Laboratory of Pathogens and Host Immunity

Research projects – Group A. Blanc-Potard

We aim to provide a better understanding of an intramacrophage phase for extracellular pathogens, especially in the cystic fibrosis context, as well as identify novel antimicrobial molecules targeting factors involved in intramacrophage survival. 

AXIS 1 : BACTERIAL FACTORS INVOLVED IN INTRAMACROPHAGE SURVIVAL

Intracellular bacterial pathogens, as Mycobacterium tuberculosis or Salmonella enterica, can replicate within phagocytic cells. In contrast, extracellular pathogens, as Staphylococcus aureus or Pseudomonas aeruginosa, avoid phagocytosis, thus promoting extracellular multiplication. However, a phase of intracellular residence can be of importance for so-called extracellular pathogens. Focusing mainly on P. aeruginosa, our objective is to investigate the function and expression of specific bacterial virulence factors (MgtC, OprF, T3SS, ExoS ..) involved in an intramacrophage stage. We then aim to decipher the role if this intracellular phase in the establishment, dissemination and persistence of the infection, using zebrafish embryos, which offers powerful tools to study host-pathogens interactions. Embryos deficient for CFTR channel are used as surrogate for cystic fibrosis context (Figure 1).

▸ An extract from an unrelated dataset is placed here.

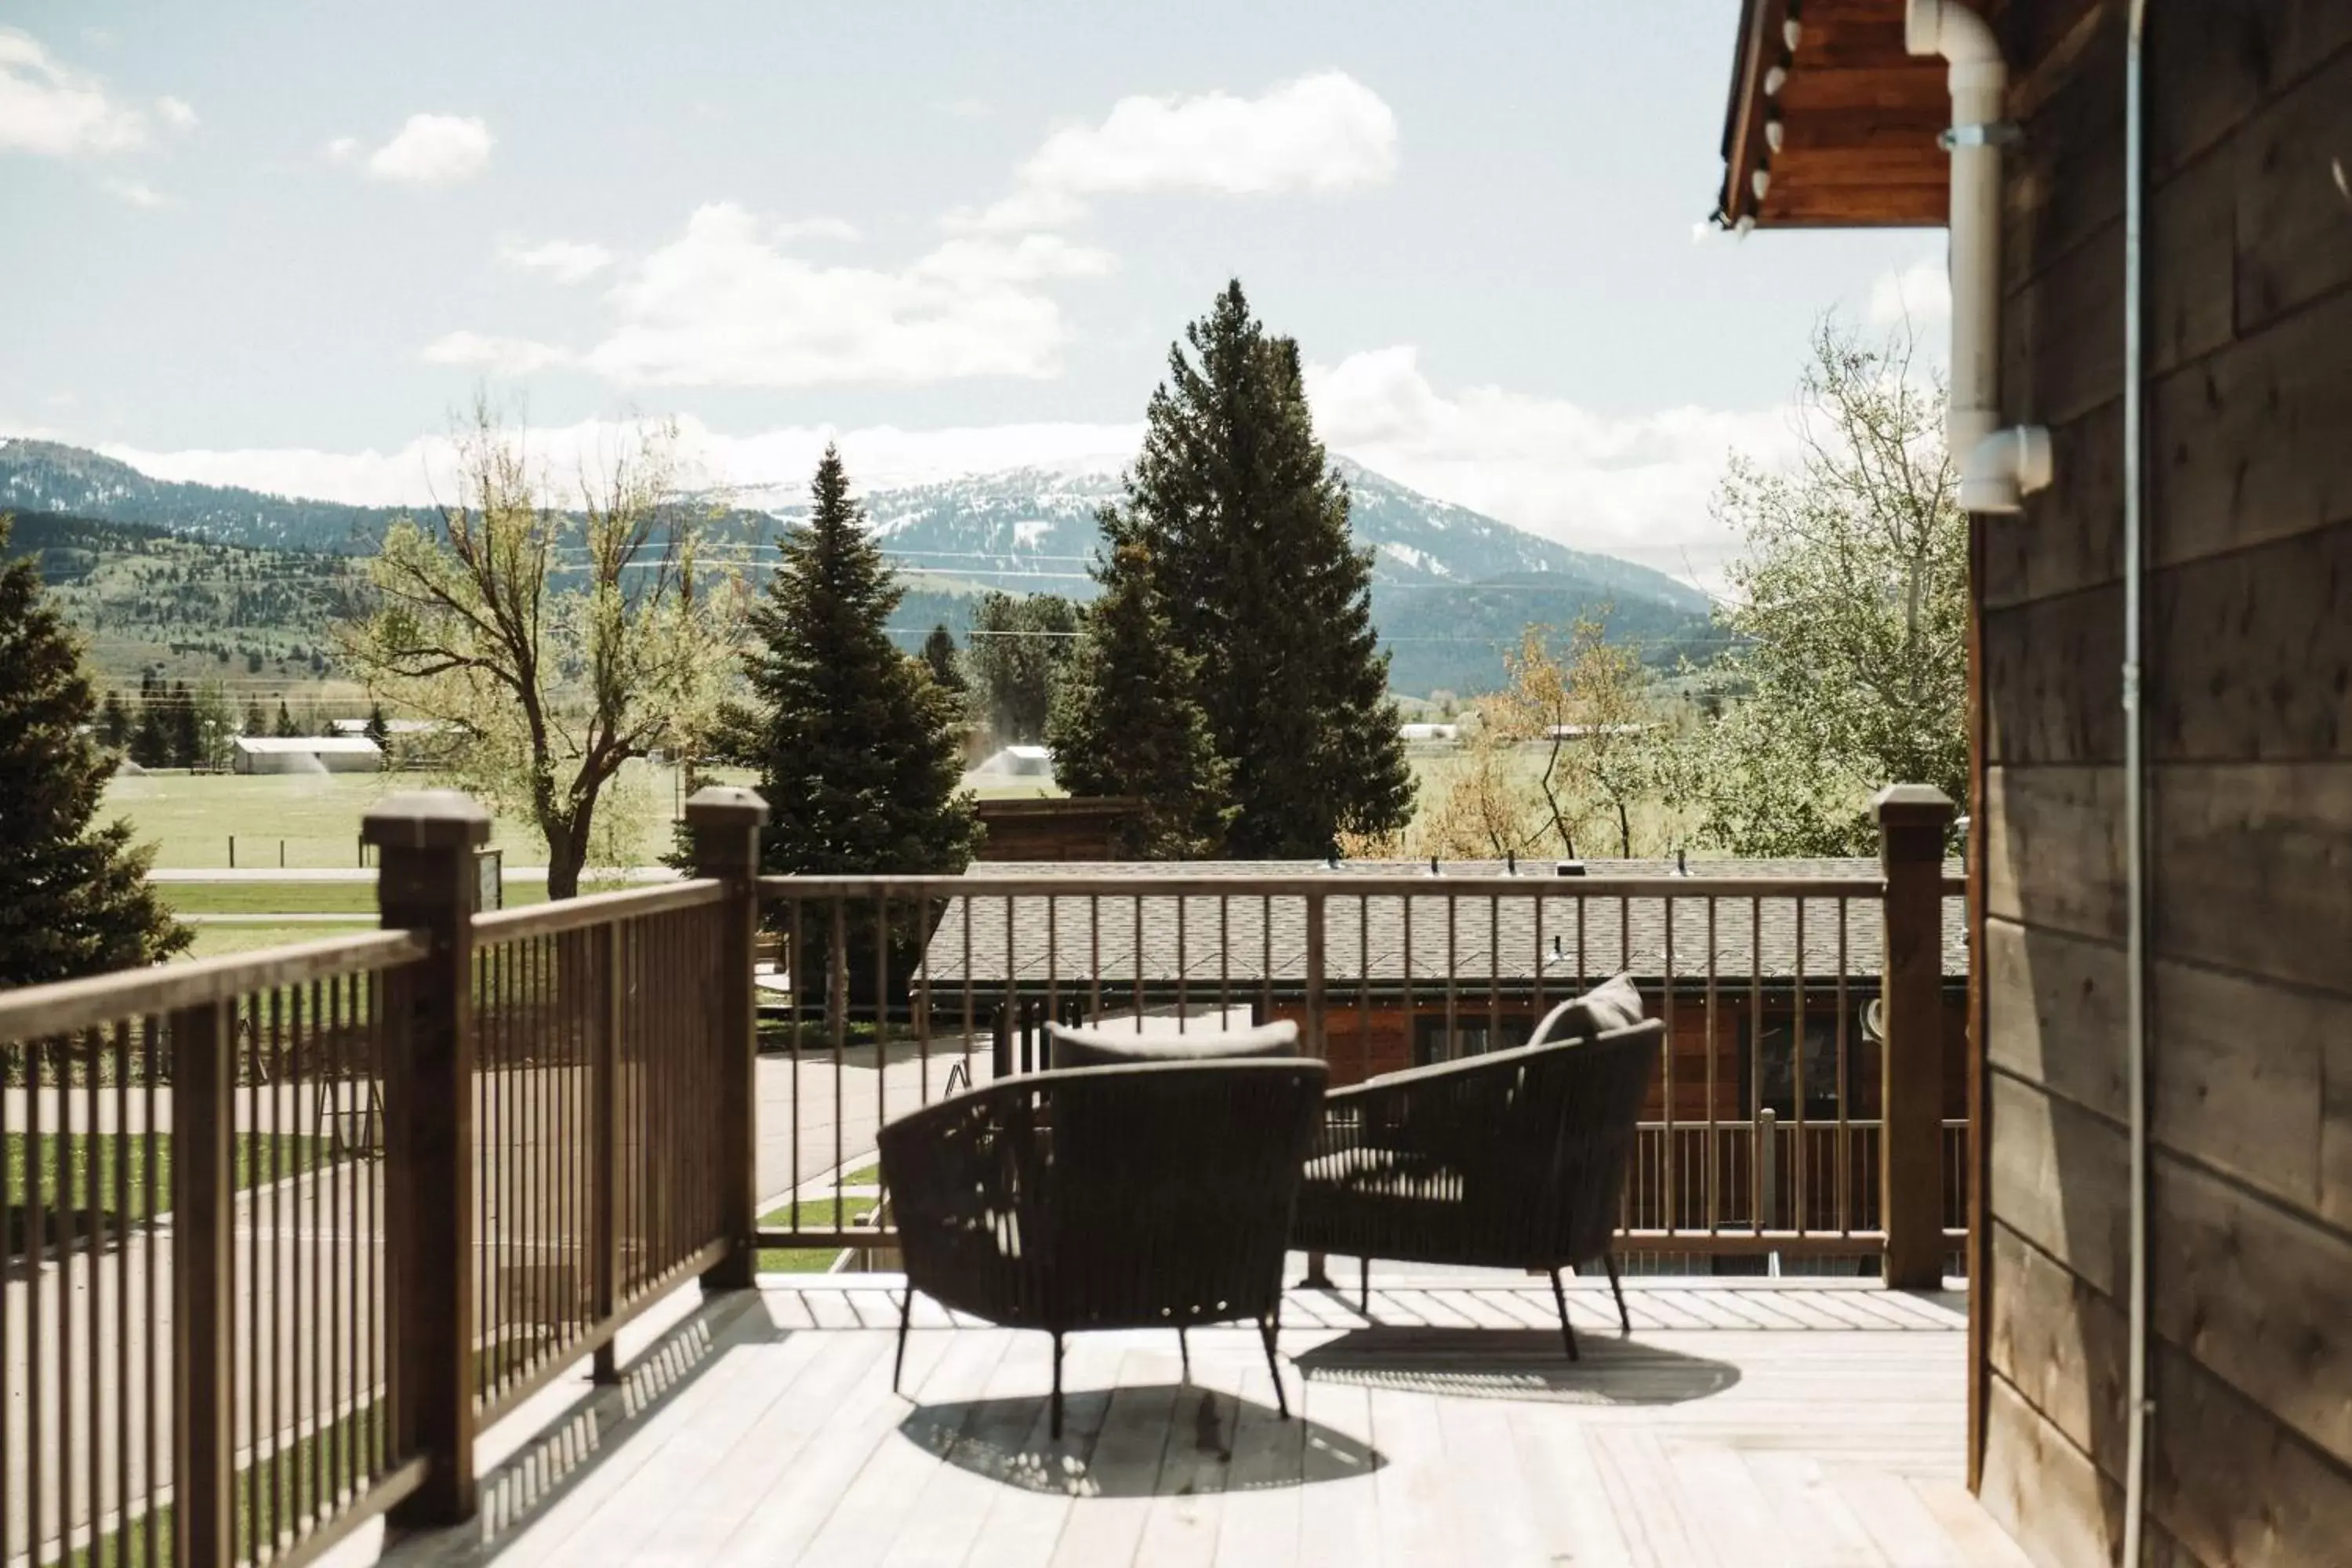 Balcony/Terrace in Teton Valley Resort

AXIS 2 : ANTI-VIRULENCE STRATEGIES

Morevover, uprising antibiotic resistance in various bacteria urges for the development of novel antibacterial strategies. Our studies of factors involved in intramacrophage survival have provided new targets for antivirulence strategies. We have recently identified hydrophobic peptides that reduce bacterial intramacrophage survival upon overexpression or exogenous addition. Our current goal is to decipher the mechanisms of action of synthetic peptides of interest and to test their antivirulence activity against various bacteria and in the zebrafish infection model. Through collaborations, we also test the efficiency of molecules inhibiting other specific targets (as NADK, T3SS ..) against P. aeruginosa using macrophage infection model and zebrafish infection model (Figure 2).